- **Information shown**
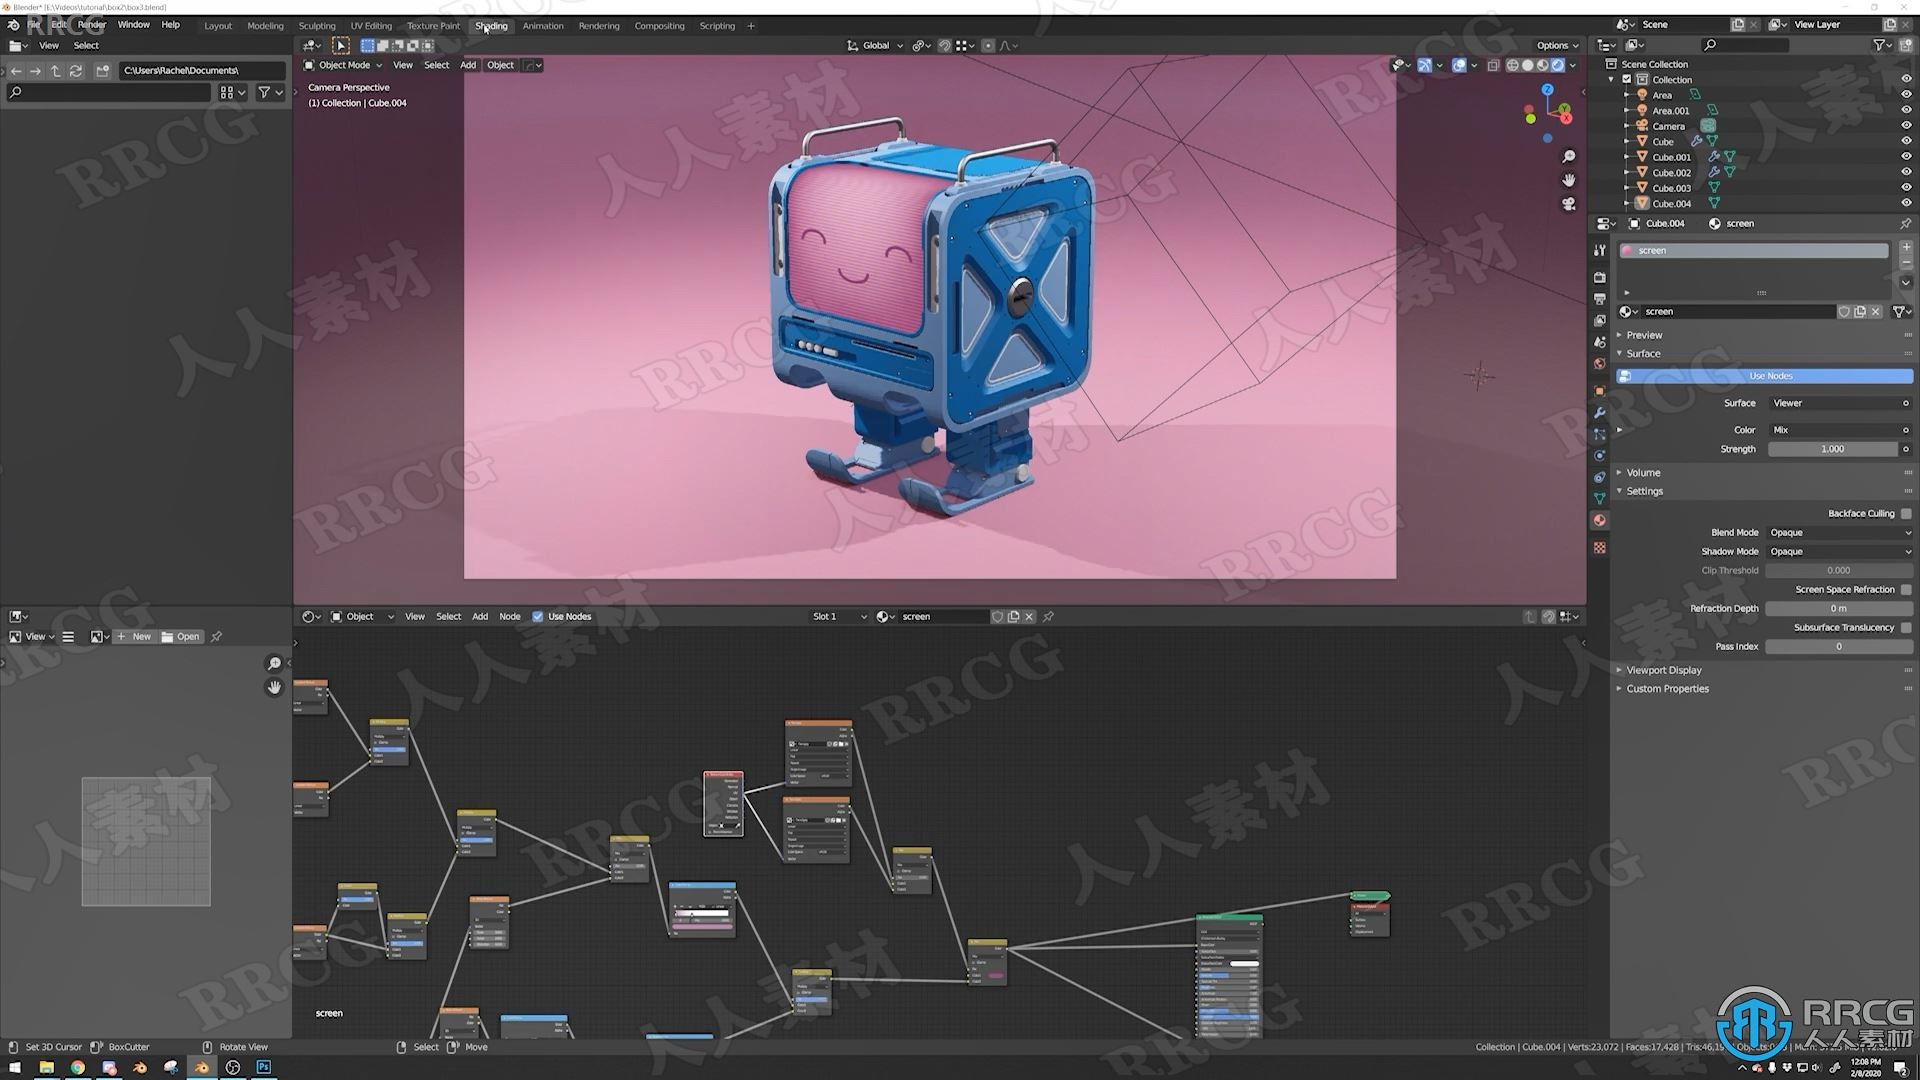 Blender可爱小盒子机器人实例制作视频教程
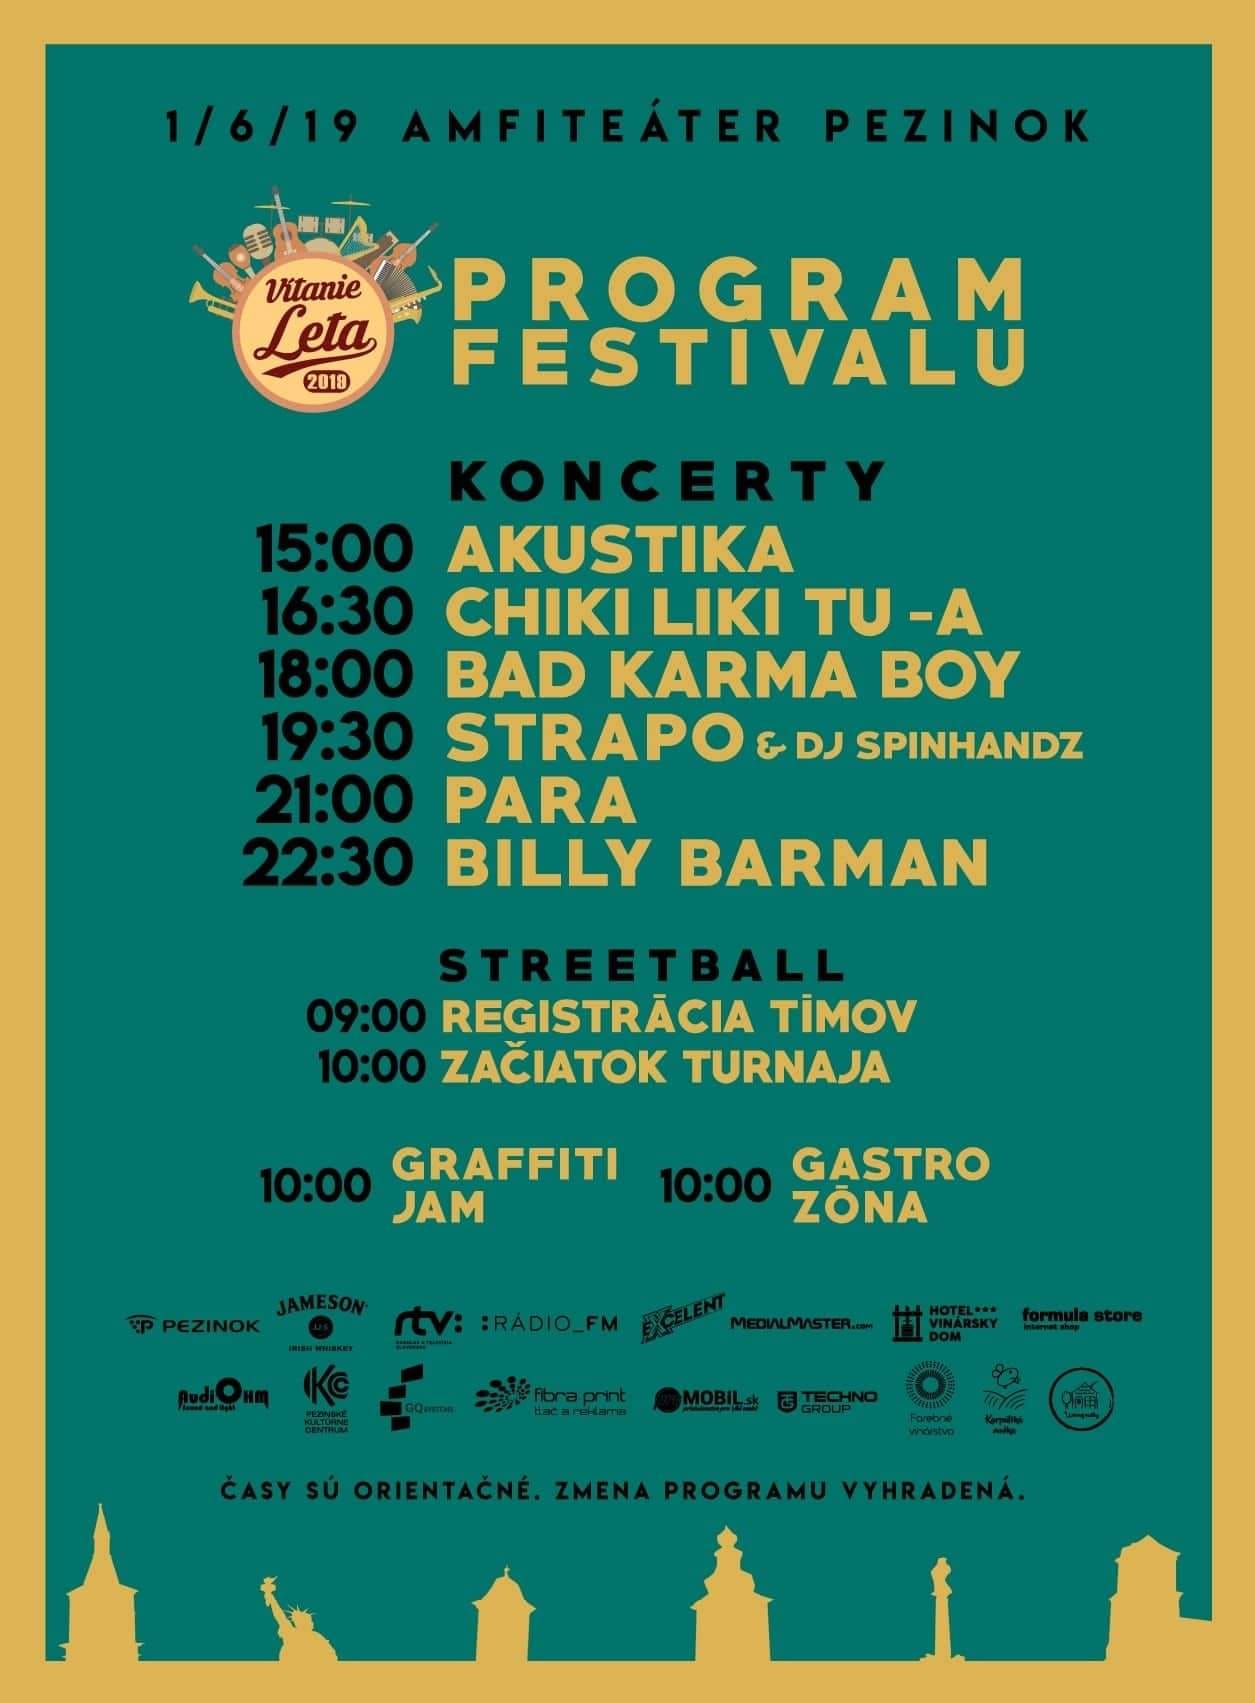 Vítanie leta 2019 program festivalu Vítanie leta 2019
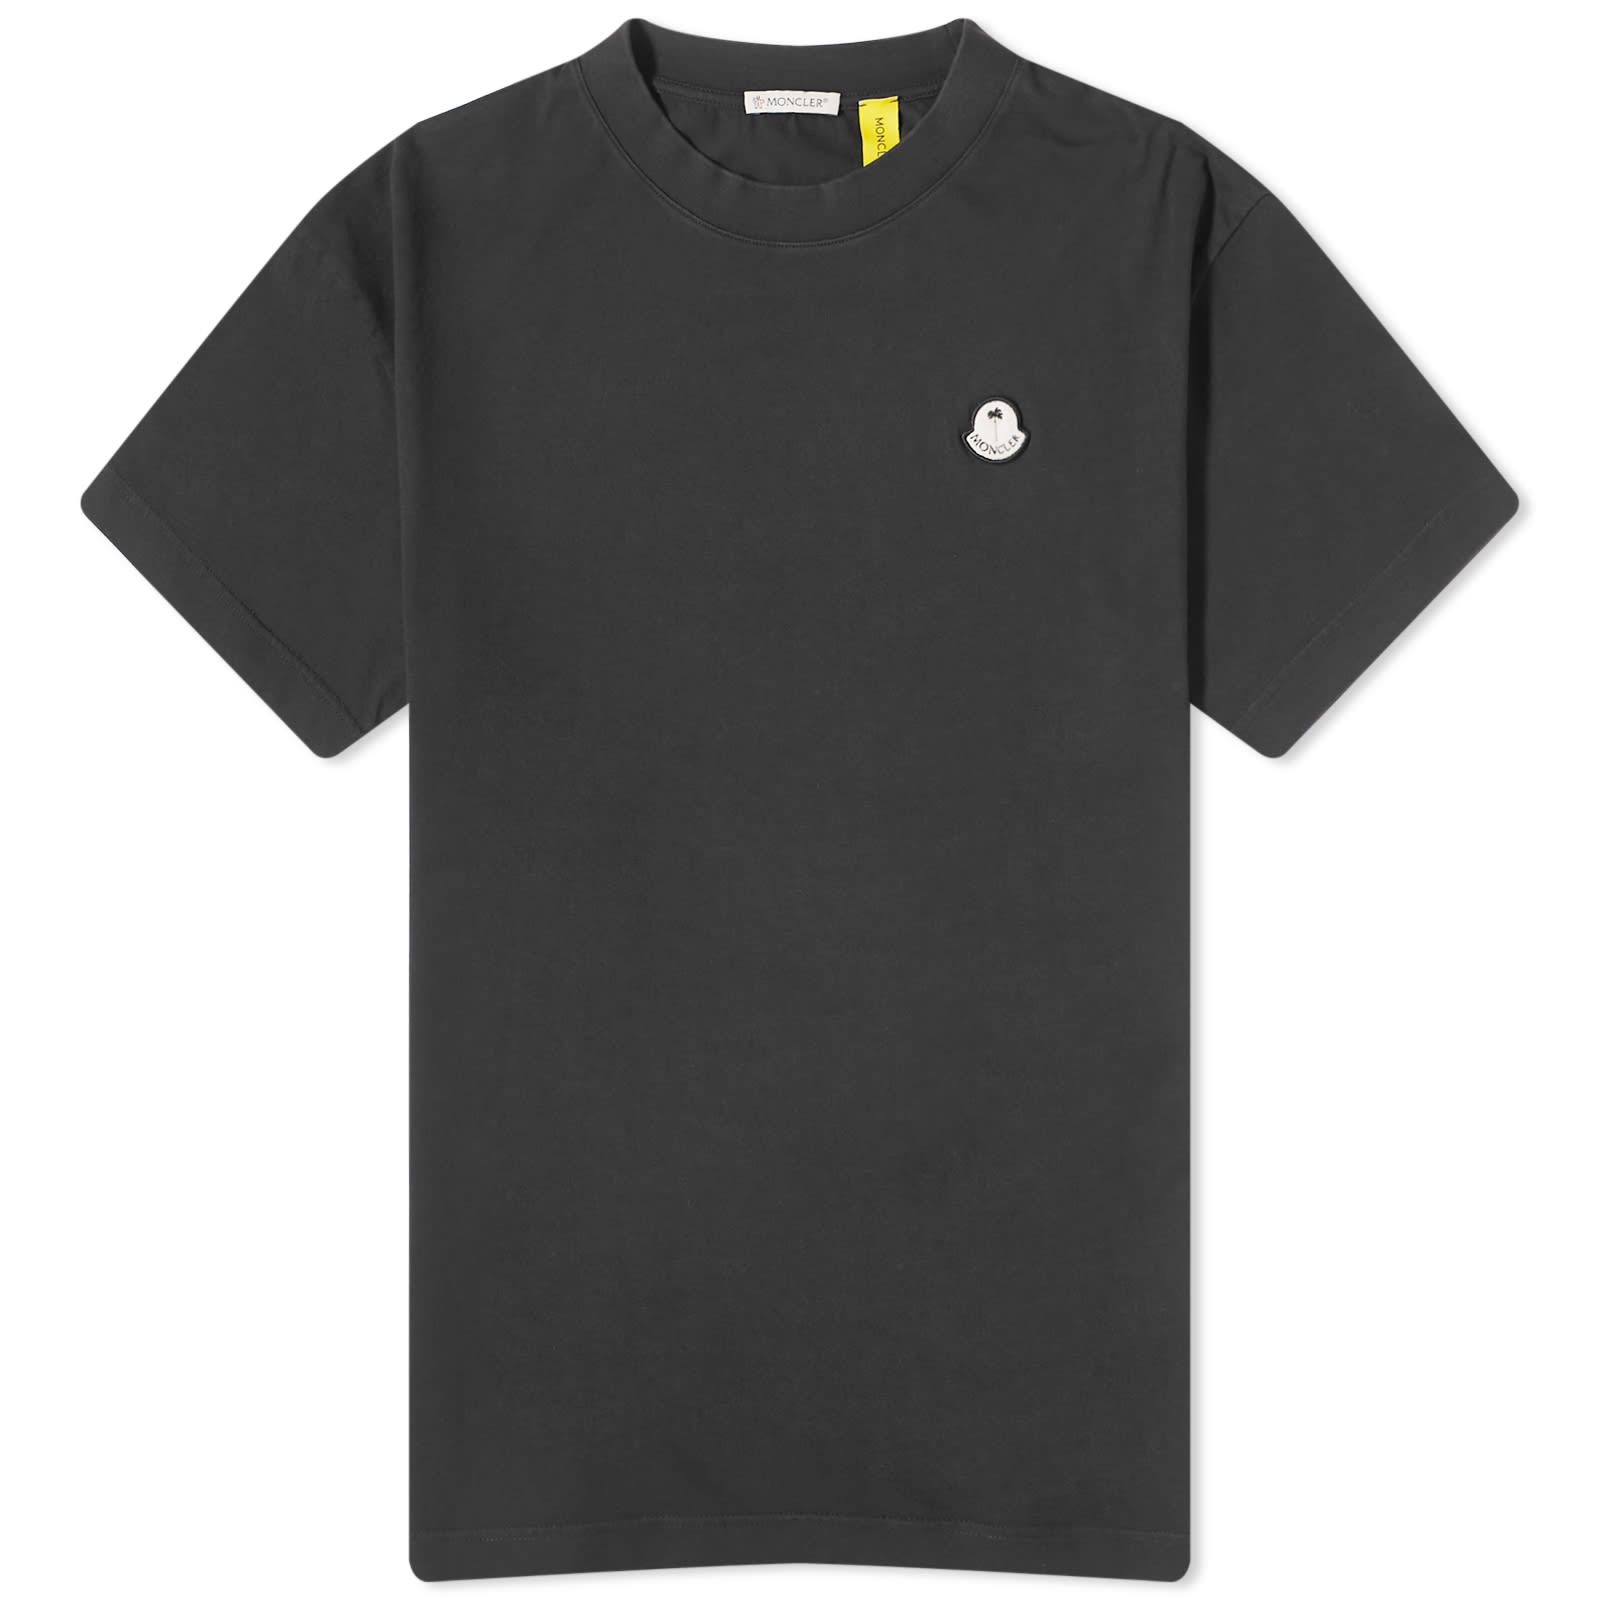 Футболка Moncler Genius X Palm Angels, черный рубашка поло с логотипом moncler x palm angels moncler genius темно синий

- **Problem statement**
All the lines above should be reproduced exactly, and none of the pictures.

- **Answer box**
 Blender可爱小盒子机器人实例制作视频教程
 Vítanie leta 2019 program festivalu Vítanie leta 2019
 Футболка Moncler Genius X Palm Angels, черный рубашка поло с логотипом moncler x palm angels moncler genius темно синий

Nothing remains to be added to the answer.